» **DATA SECTION**:
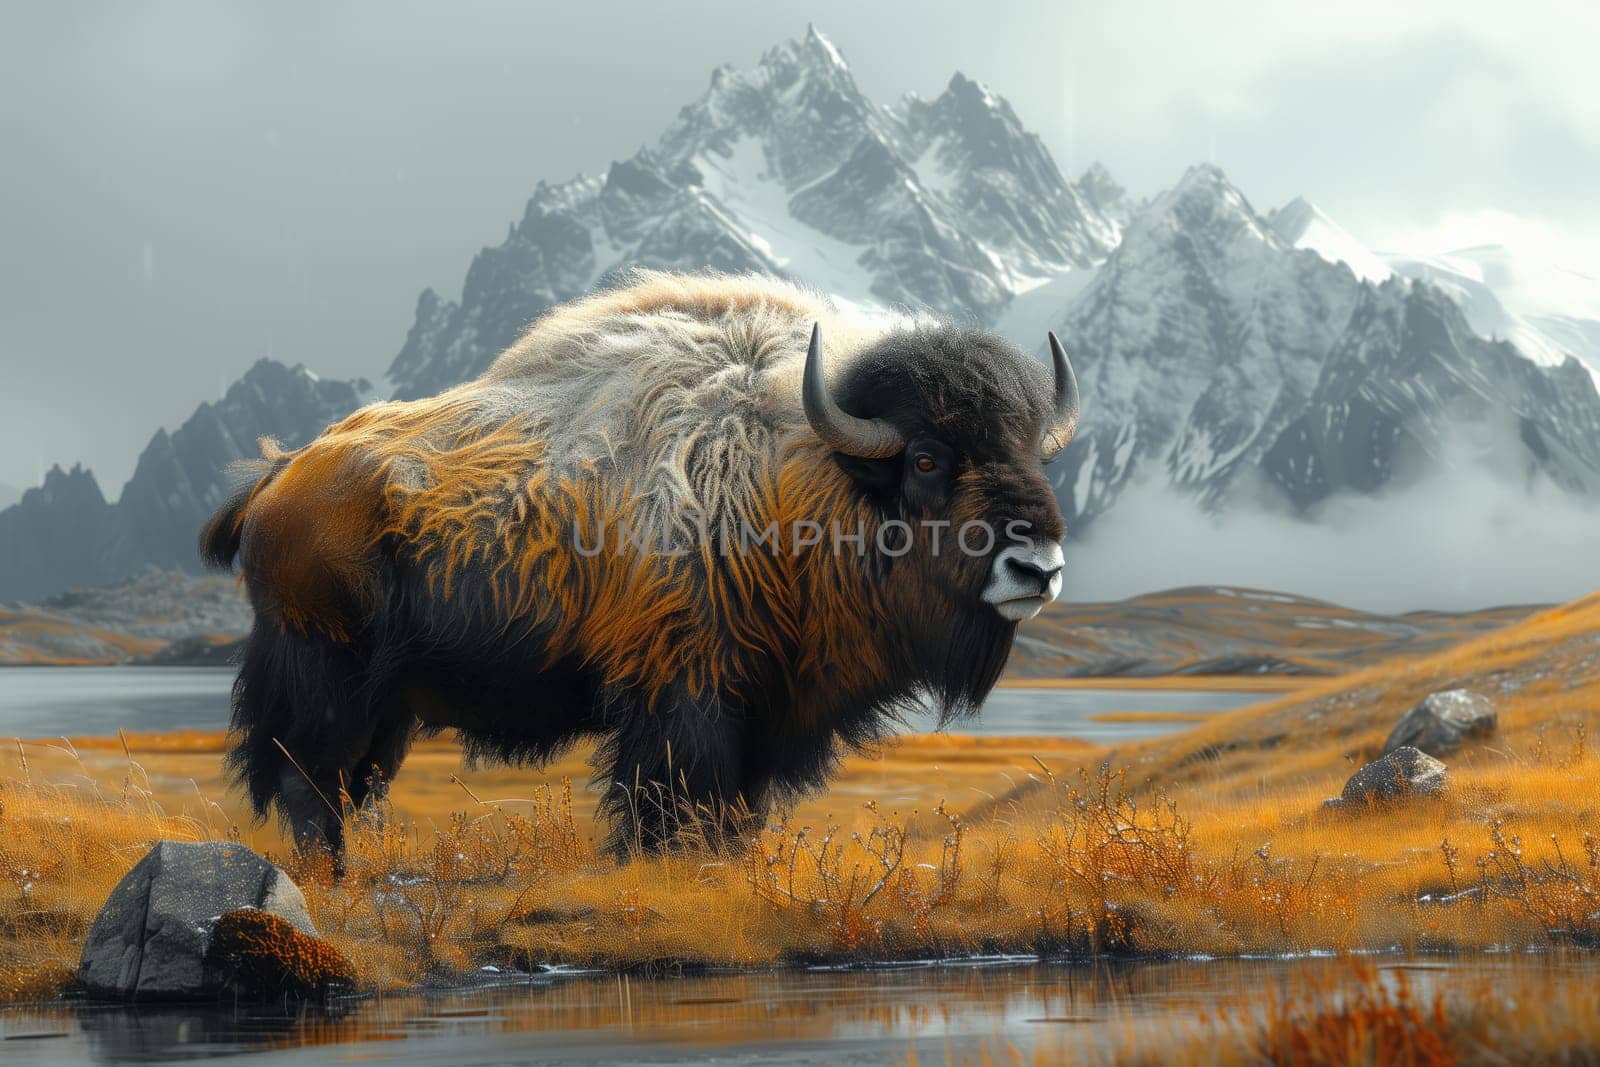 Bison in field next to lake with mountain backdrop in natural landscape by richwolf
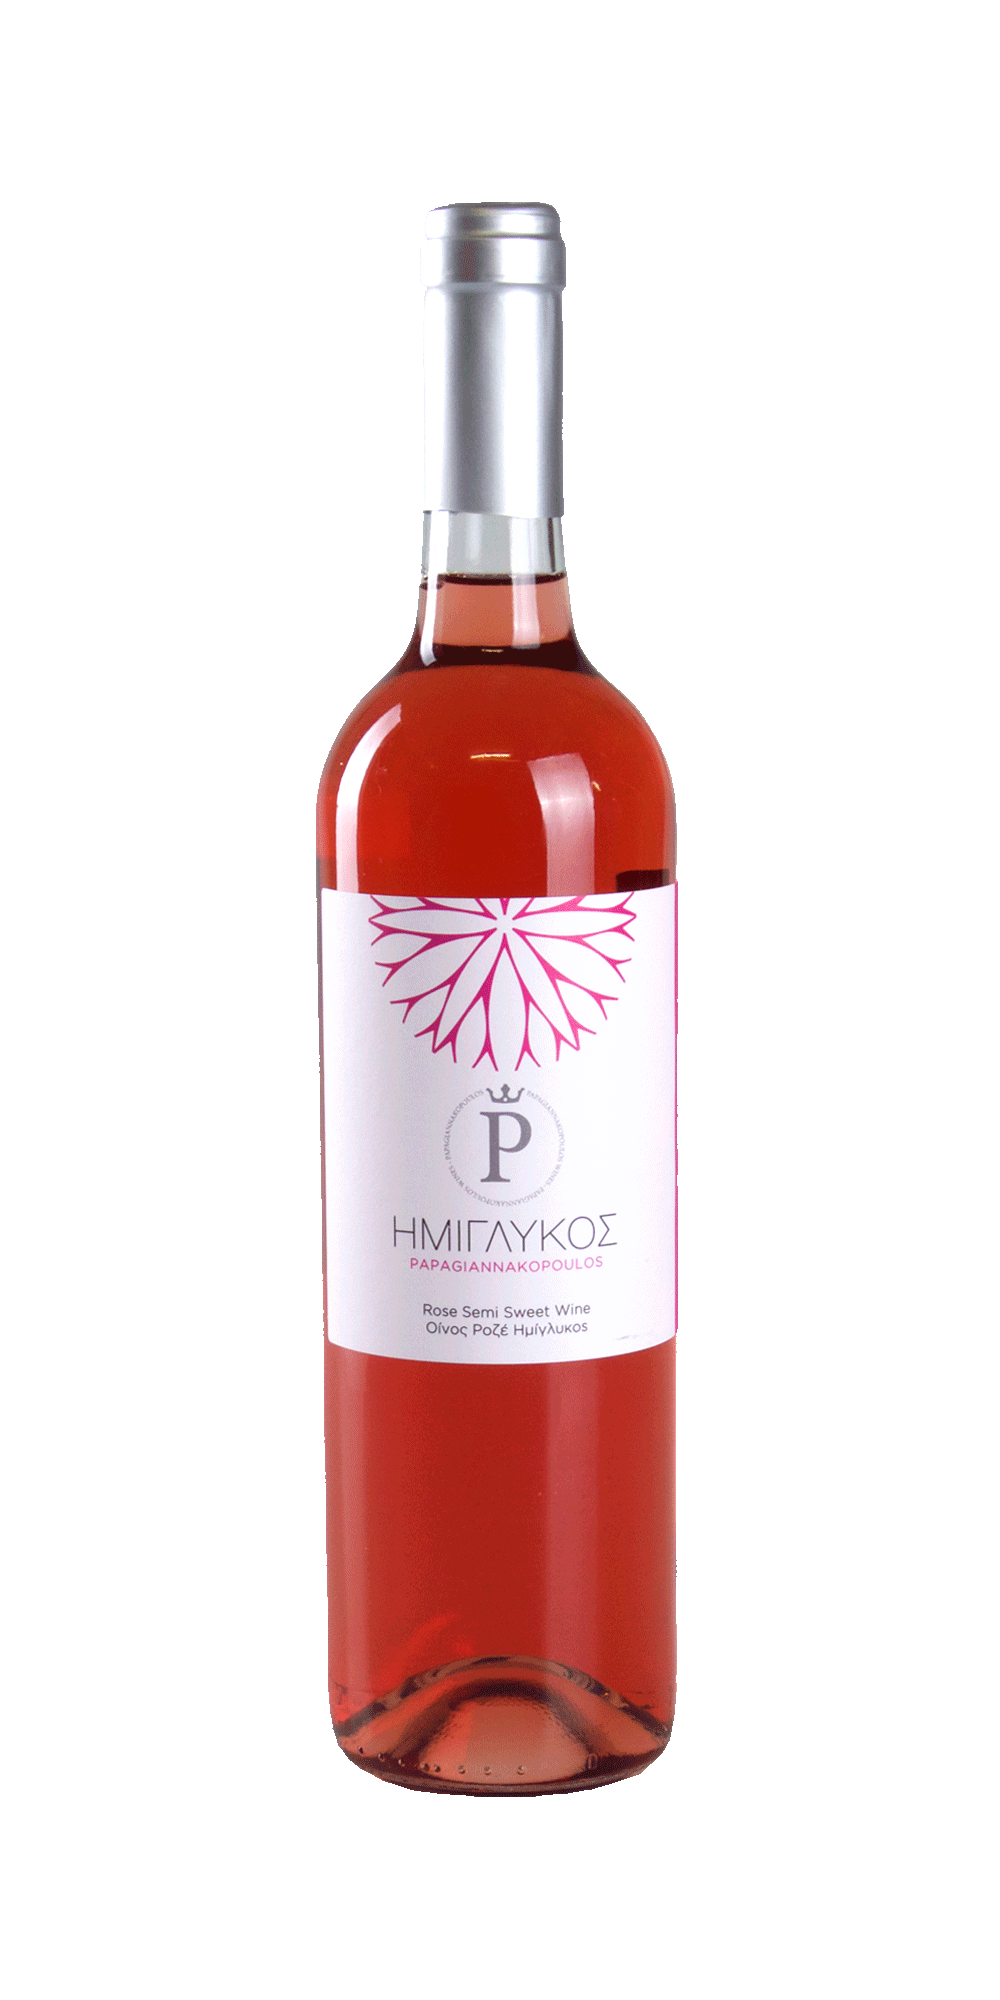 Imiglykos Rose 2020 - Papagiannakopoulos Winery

==

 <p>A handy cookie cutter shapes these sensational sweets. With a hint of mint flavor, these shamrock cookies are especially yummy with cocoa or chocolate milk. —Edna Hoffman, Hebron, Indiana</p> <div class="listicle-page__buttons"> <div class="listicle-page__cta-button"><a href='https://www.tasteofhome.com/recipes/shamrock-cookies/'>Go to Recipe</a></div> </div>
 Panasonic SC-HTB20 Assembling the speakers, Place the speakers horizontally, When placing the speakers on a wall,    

» **REQUIRED WORK**:
In the records above, copy exactly everything from the line that has "Bison in field" down to the line that has "Imiglykos Rose 2020", both ends included, and leave out the pictures.

» **RESPONSE BELOW**:
 Bison in field next to lake with mountain backdrop in natural landscape by richwolf
 Imiglykos Rose 2020 - Papagiannakopoulos Winery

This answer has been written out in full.